Stats

SCALPEL-Analysis: The Stats Module

One of our main objectives one developping SCALPEL-Analysis was to build ready-to-use, out of the box descriptive statistics over the CohortFlow. This allows to assess quickly the Flowchart building, depict correlations ans biases and especially check the quality of the data.

In this tutorial, we will show how use existing stats to perform basic statistical analysis. We will also list all the available stats functions. Finally, we show how to add new functions to the library while using decorators to automatise boiler plat code.

%matplotlib inline
%load_ext autoreload
%autoreload 2
%config InlineBackend.figure_format = 'retina'

import pandas as pd
pd.set_option('display.max_rows', 500)

Add SCLAPEL-Analysis to the PythonPath

SCALPEL-Analysis is not yet available through PIP or Conda channels to be installed. However, as is the case for any Python library, it is pretty straight forward to add and use.

Before, proceeding you will need to download SCALPEL-Analysis as a zip from here. Put the zip wherever you judge suitable for you. Please make sure that you meet all the requirements explicited here.

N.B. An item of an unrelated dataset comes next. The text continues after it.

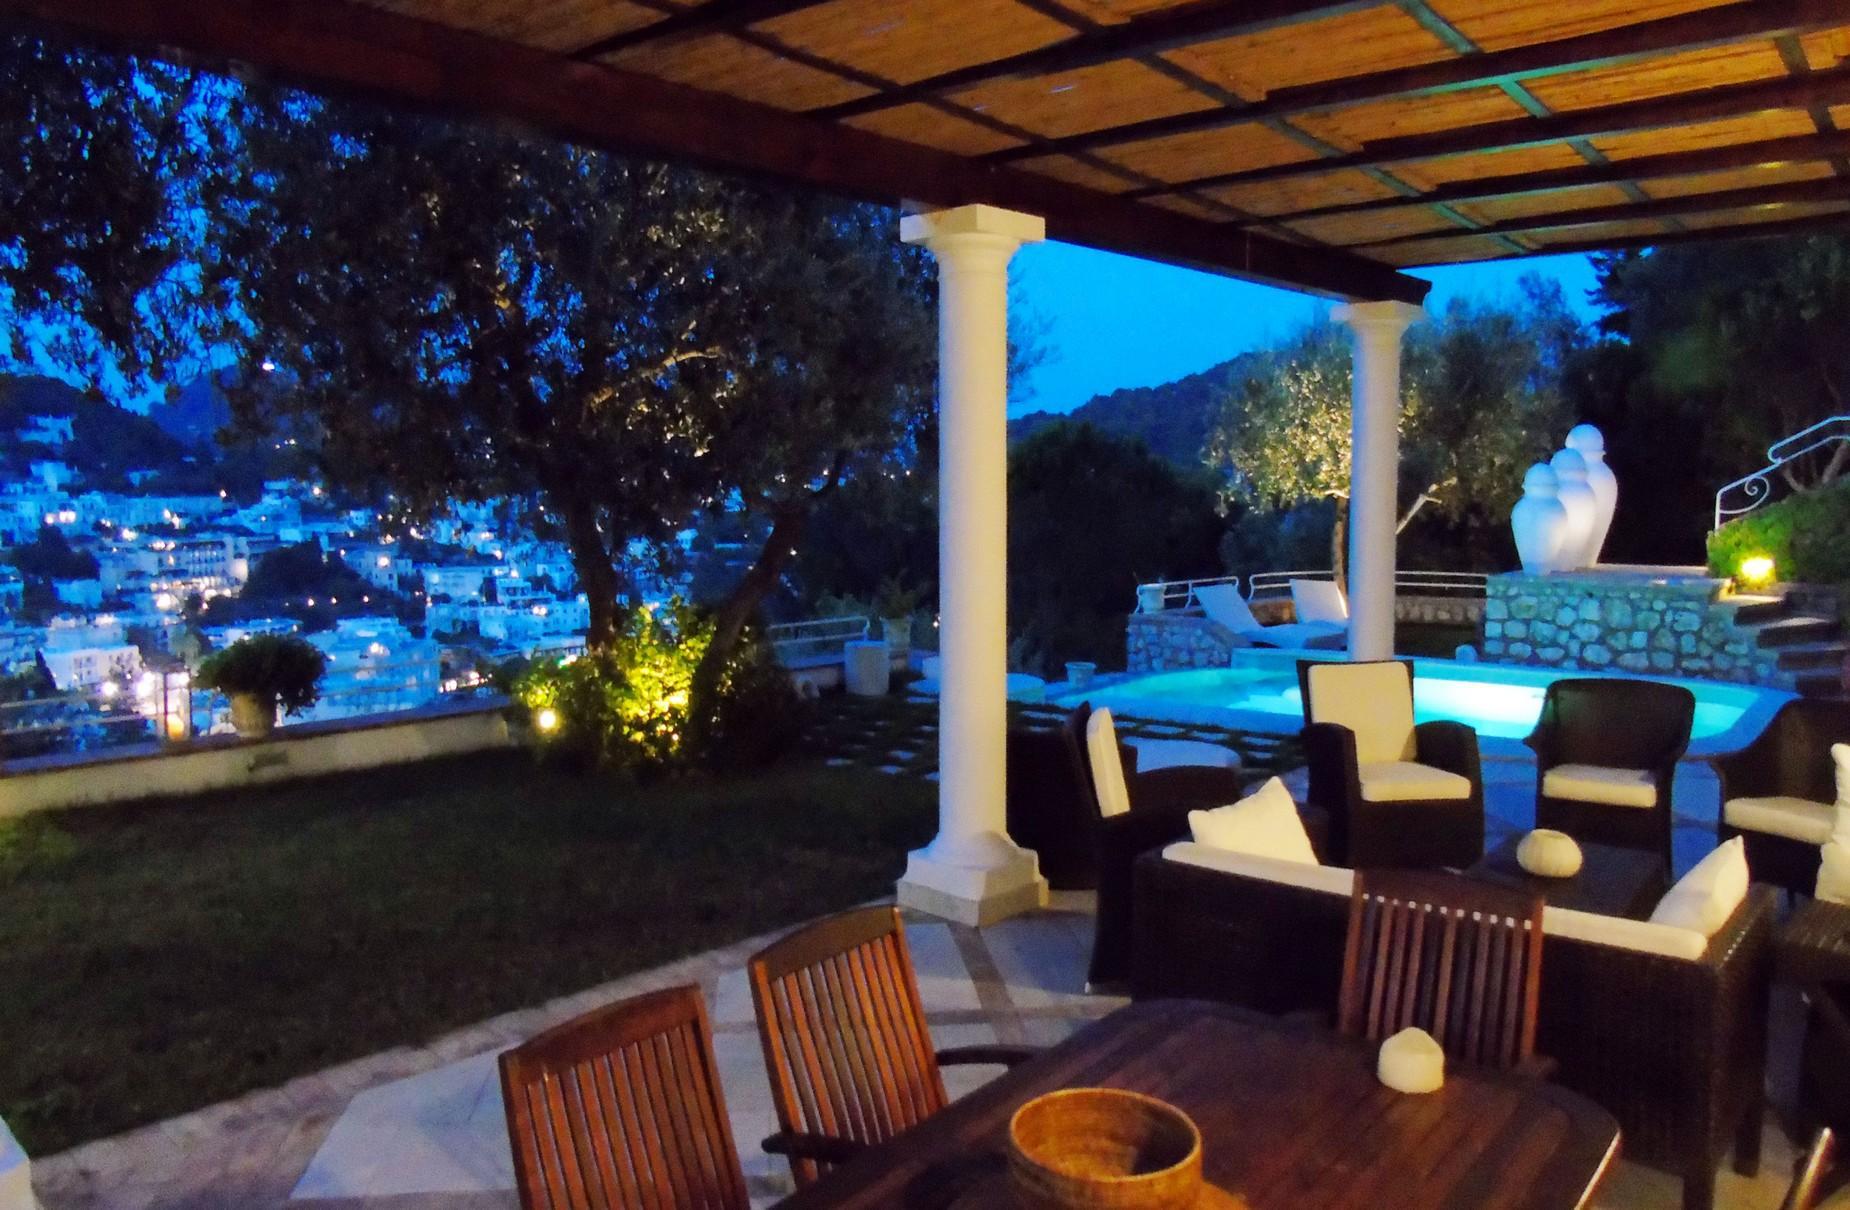 Очаровательная вилла с панорамным бассейном в центре легендарного острова Капри, Италия - 8
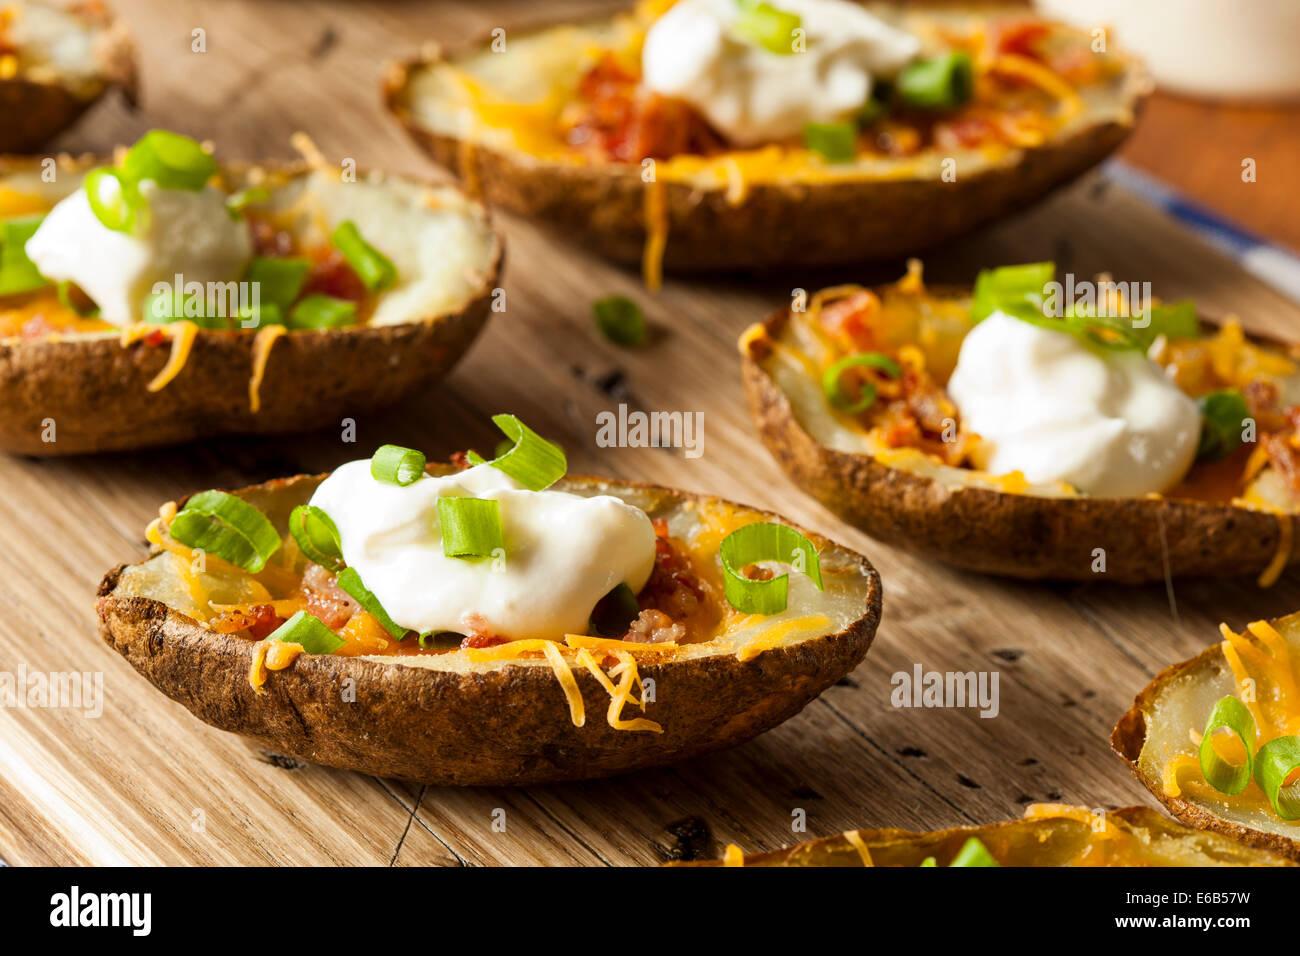 Las pieles de patata casero con tocino y queso crema agria Imagen De Stock

I have downloaded the zip file, and put it under the path /home/sebiat/builds/cnam-model-001-interactions/dist/scalpel.zip.

There is two ways of doing it:

1. Permanently add a directory to PYTHONPATH environmment variable. This will allow you to add it once and for all.
2. Add it through sys import as shown below.

import sys
project_path = '/home/sebiat/builds/cnam-model-001-interactions/dist/scalpel.zip'
sys.path.append(project_path)

Load a Metadata JSON file

As stated in the first comment cell, you will need to import the Metadata JSON. There is a straightforward way of doing it that will save the pain of a lot of boiler plate code. The following cell shows how.

from scalpel.core.cohort_collection import CohortCollection
import pytz

AGE_REFERENCE_DATE = pytz.datetime.datetime(2015, 1, 1, tzinfo=pytz.UTC)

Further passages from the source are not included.